Business
Why we rejected Edo Governorship election results – PDP Reveals
The Peoples Democratic Party (PDP) in Edo state has declared that the results released by the Independent National Electoral Commission (INEC) today were not genuine, adding that the figures contradicted the ones announced at various units and as collated at various wards across the state.
Read statement below:-
The PDP in Edo State, after carefully reviewing the events of yesterday September 28th, 2016, totally rejects the purported outcome of the voting exercise and the results announced by INEC.

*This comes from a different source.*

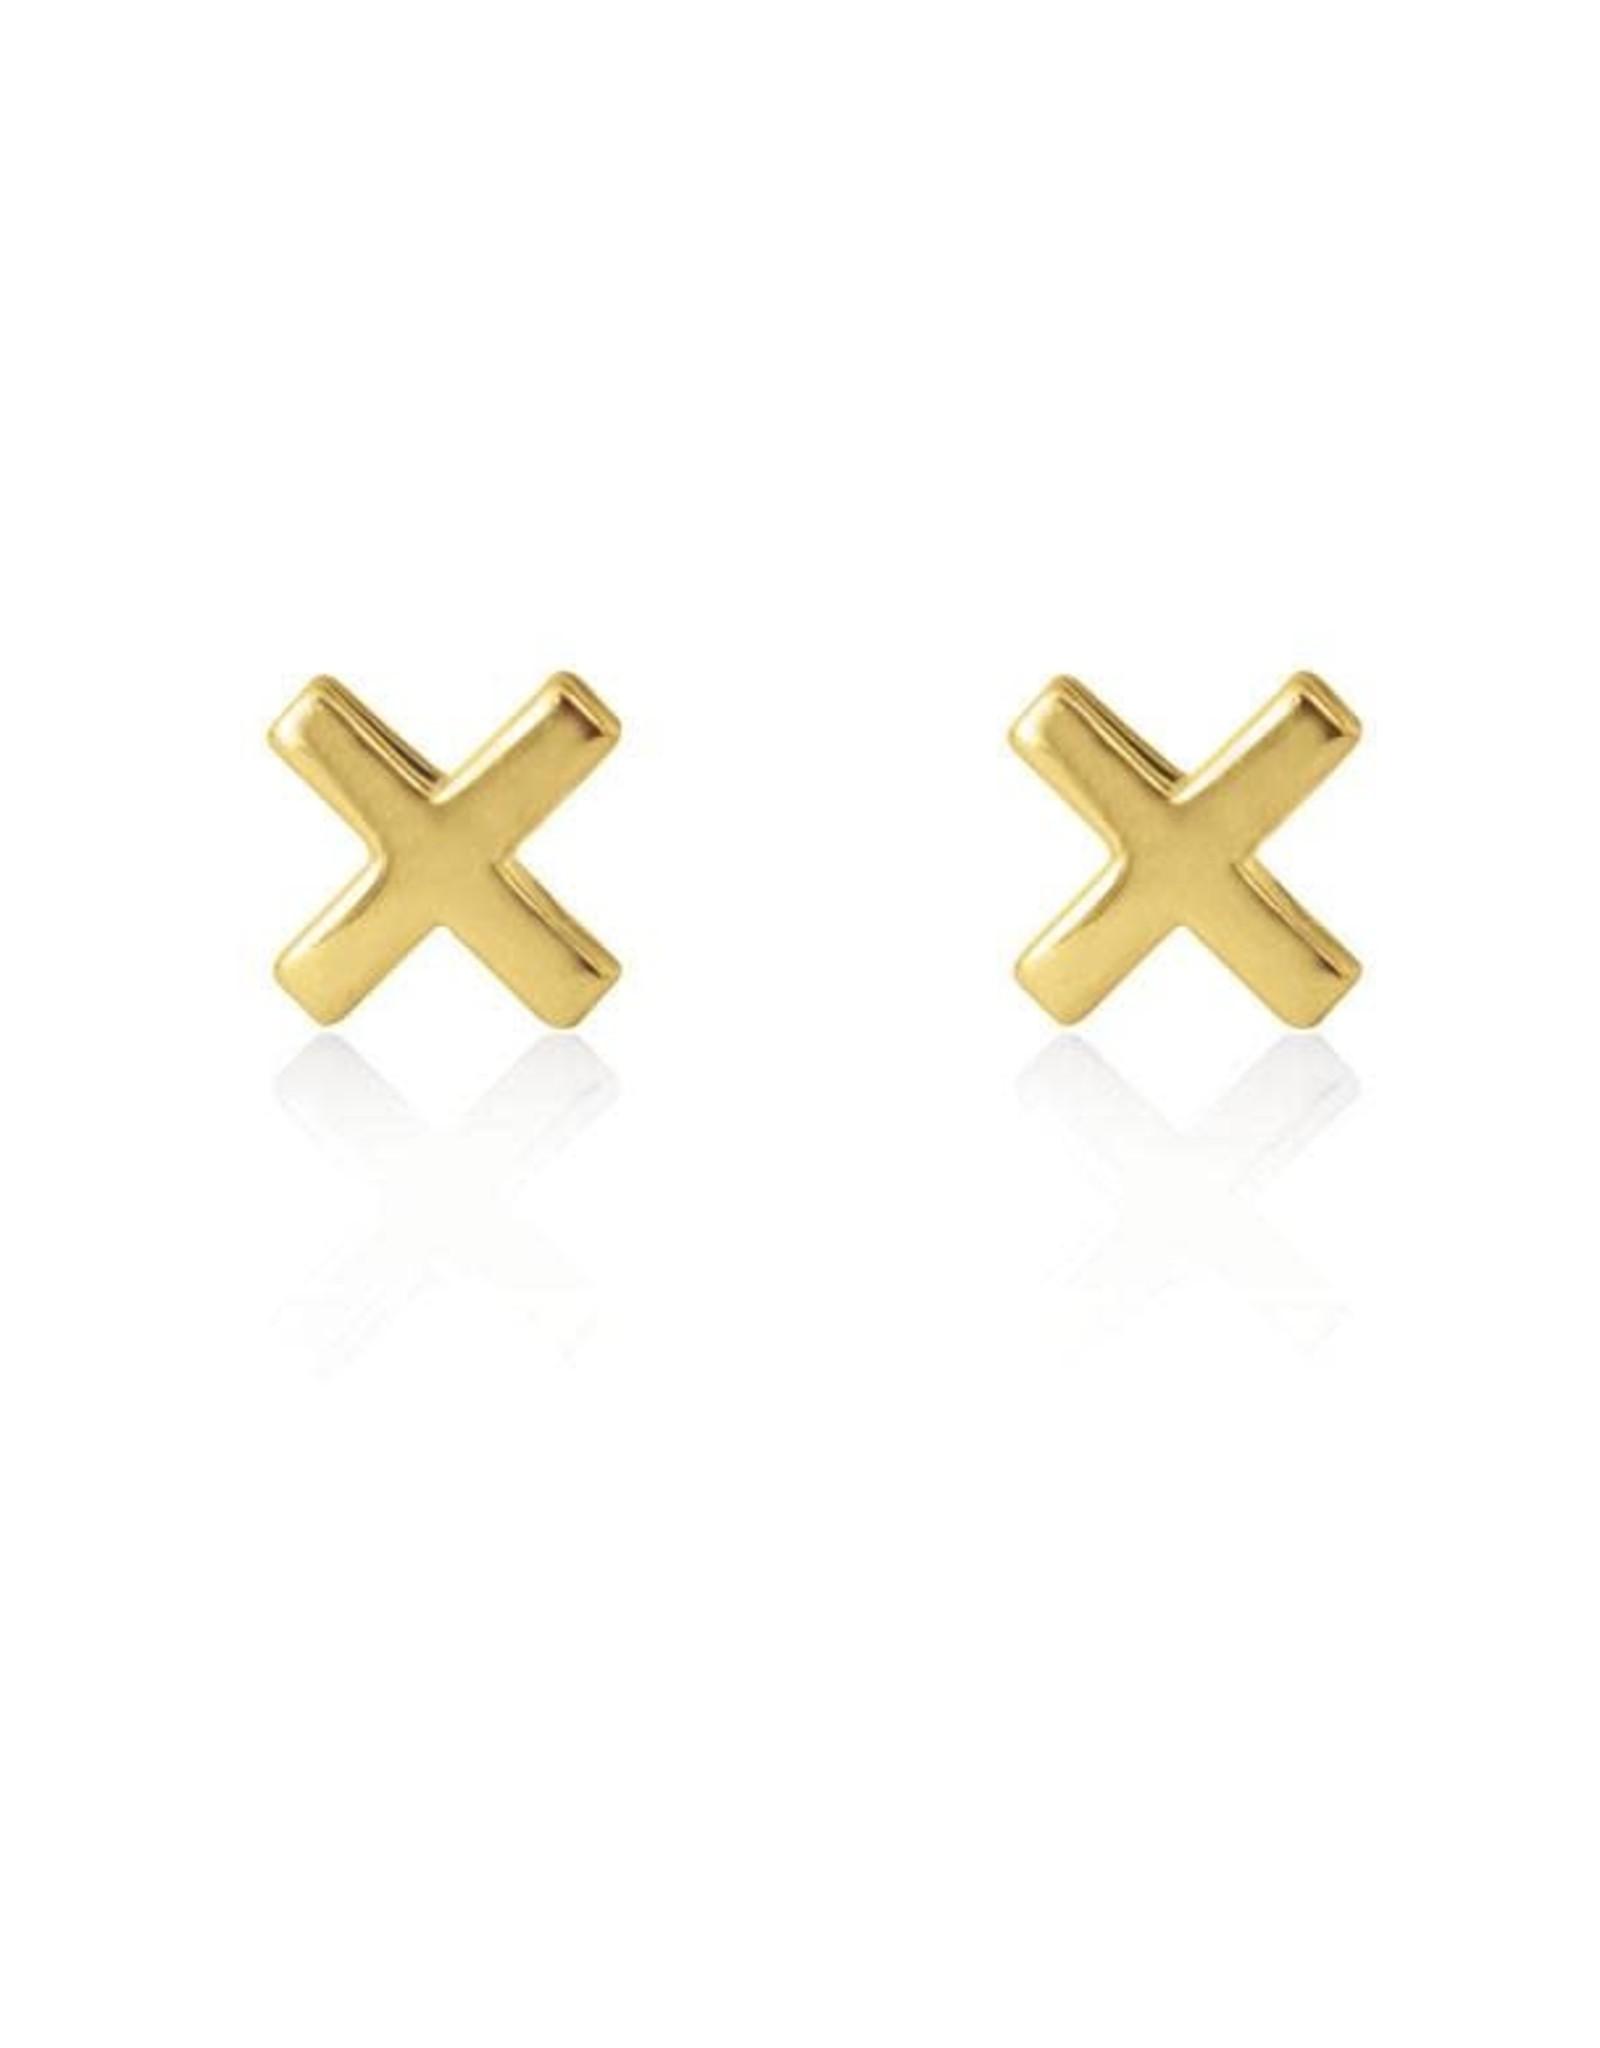 Linda Tahija Cross Stud Earrings, Gold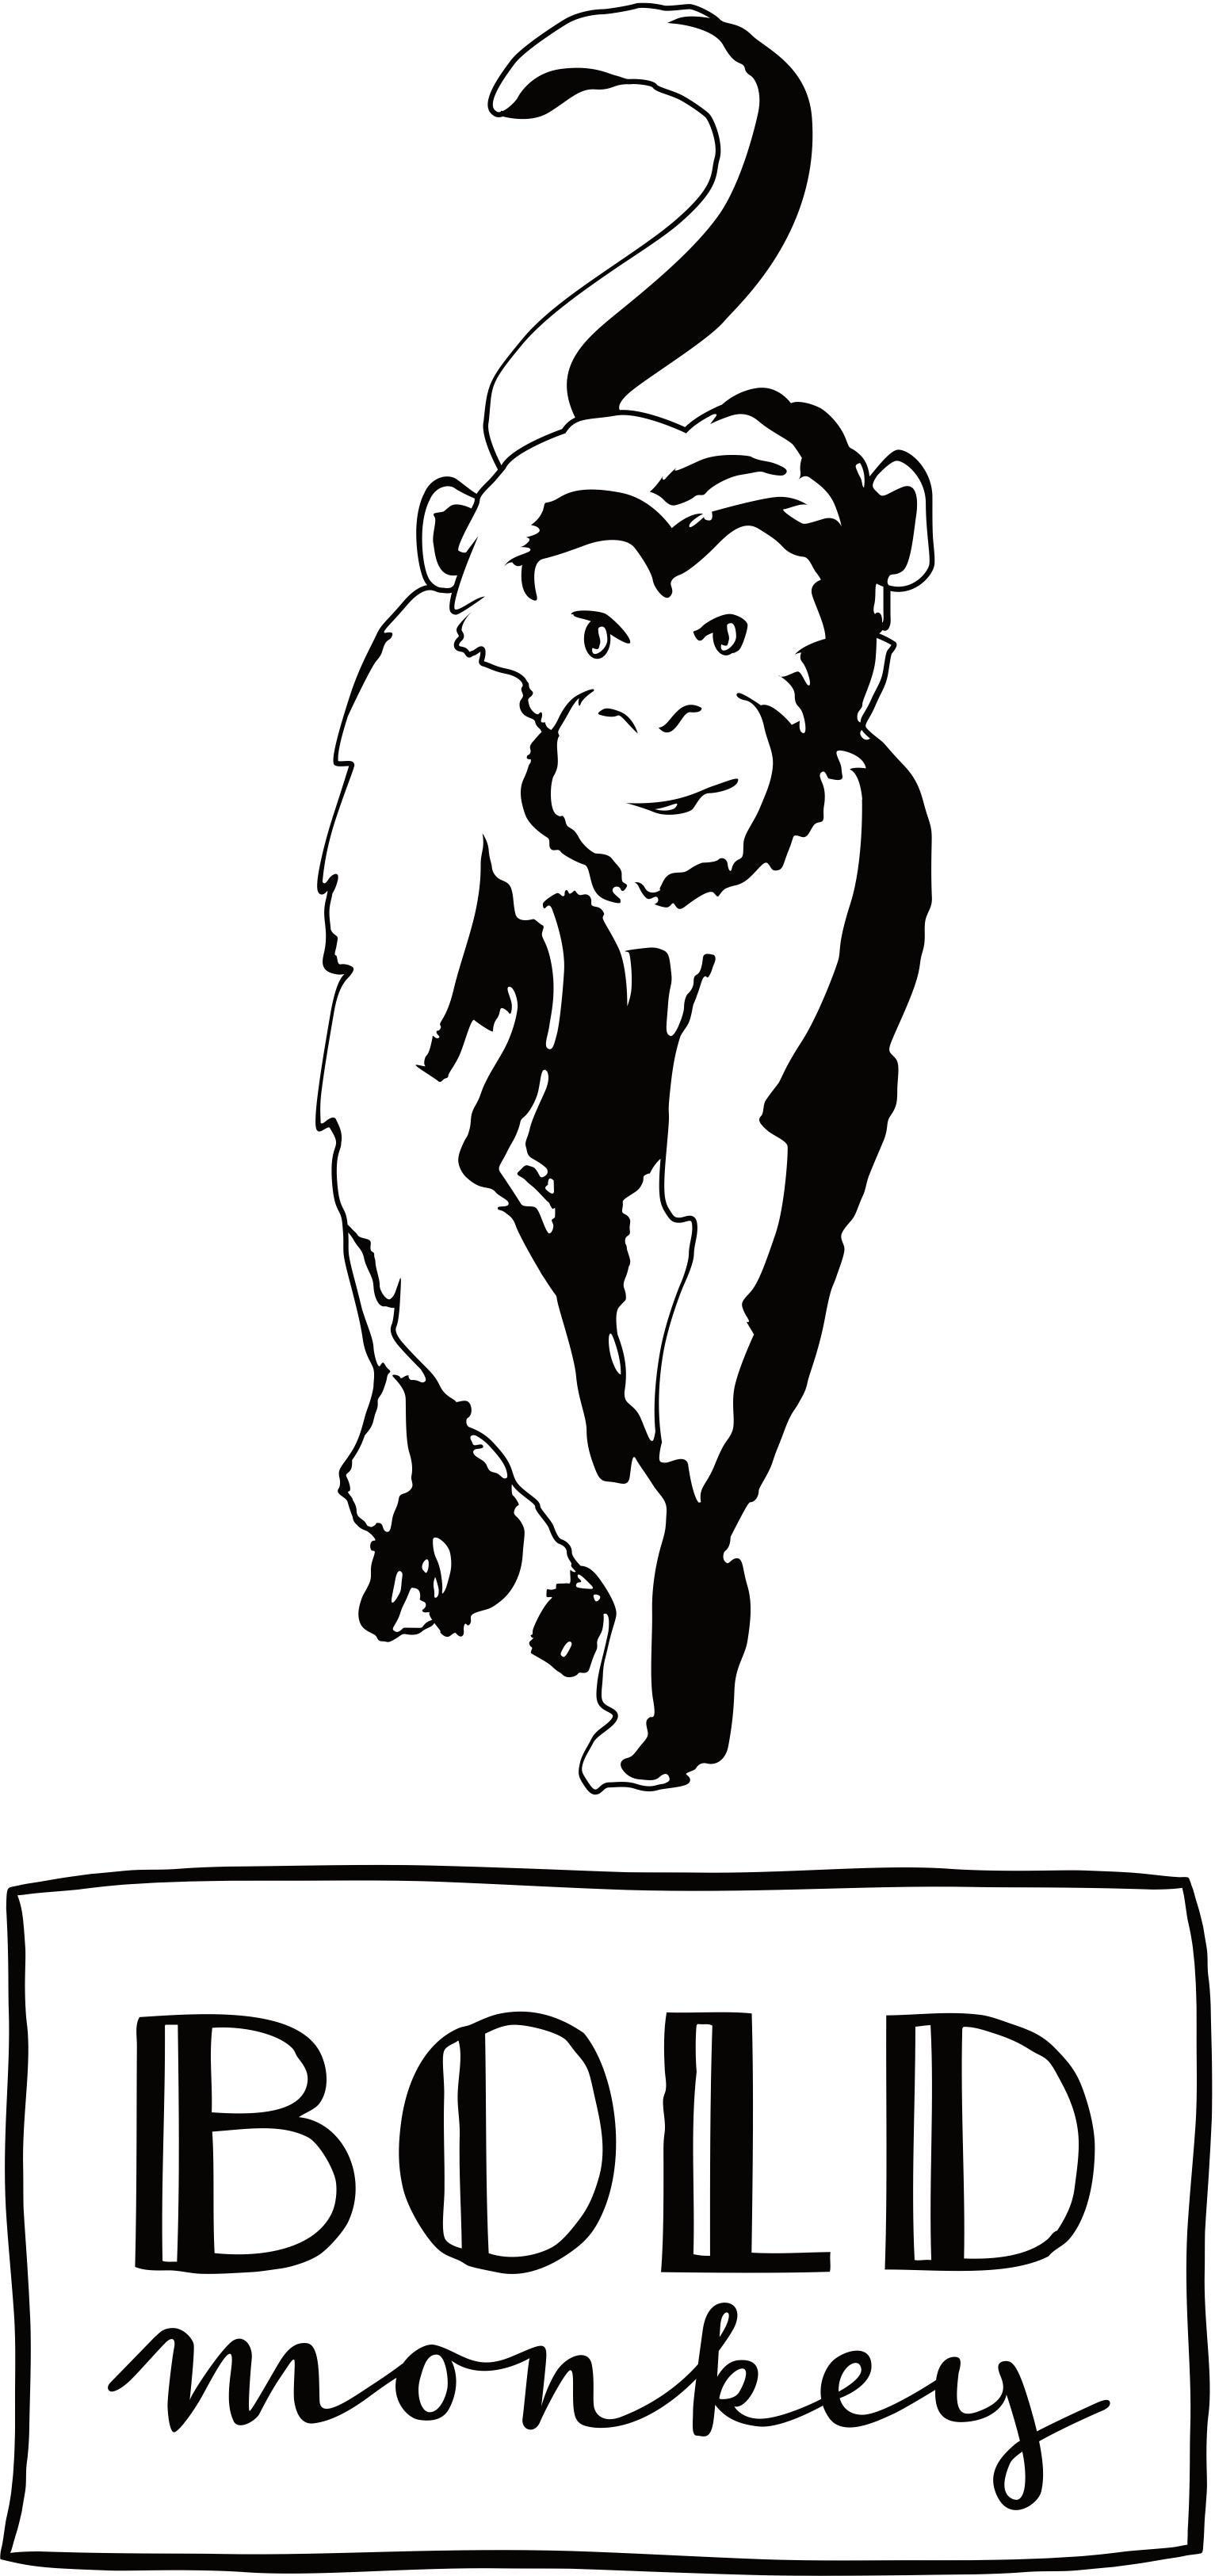 Bold Monkey A tall handsome statue Limited Edition gouden messing kraanvogel vogel hoog beeld

Firstly, we are in total amazement at the details of the results released by INEC because all of them are fake and not the figures announced at various units and as collated at various wards across the state. The fake results announced by INEC are entirely a fabrication which do not reflect the true picture of what transpired during the election. However, we are not totally surprised because long before now, we had anticipated this and had also warned INEC, security agencies and alerted Edo people at various press conferences and statements, on this situation.
Secondly, based on the results emanating from across the state, PDP won the election fair and square, and with a very comfortable margin. So it is with disgust that we have been receiving fake results which were never recorded in either the units or the ward collation centers.
Our rejection of the results released by INEC so far is based on, but not limited to, the following
We know that a fair turnout of voters was recorded statewide because the weather was very clement and voters were enthusiastic. However, unknown to unsuspecting Edo electorate, INEC had long provided the serial numbers of all result sheets to Adams Oshiomole and his APC government, to print fresh result sheets. This is not a mere allegation.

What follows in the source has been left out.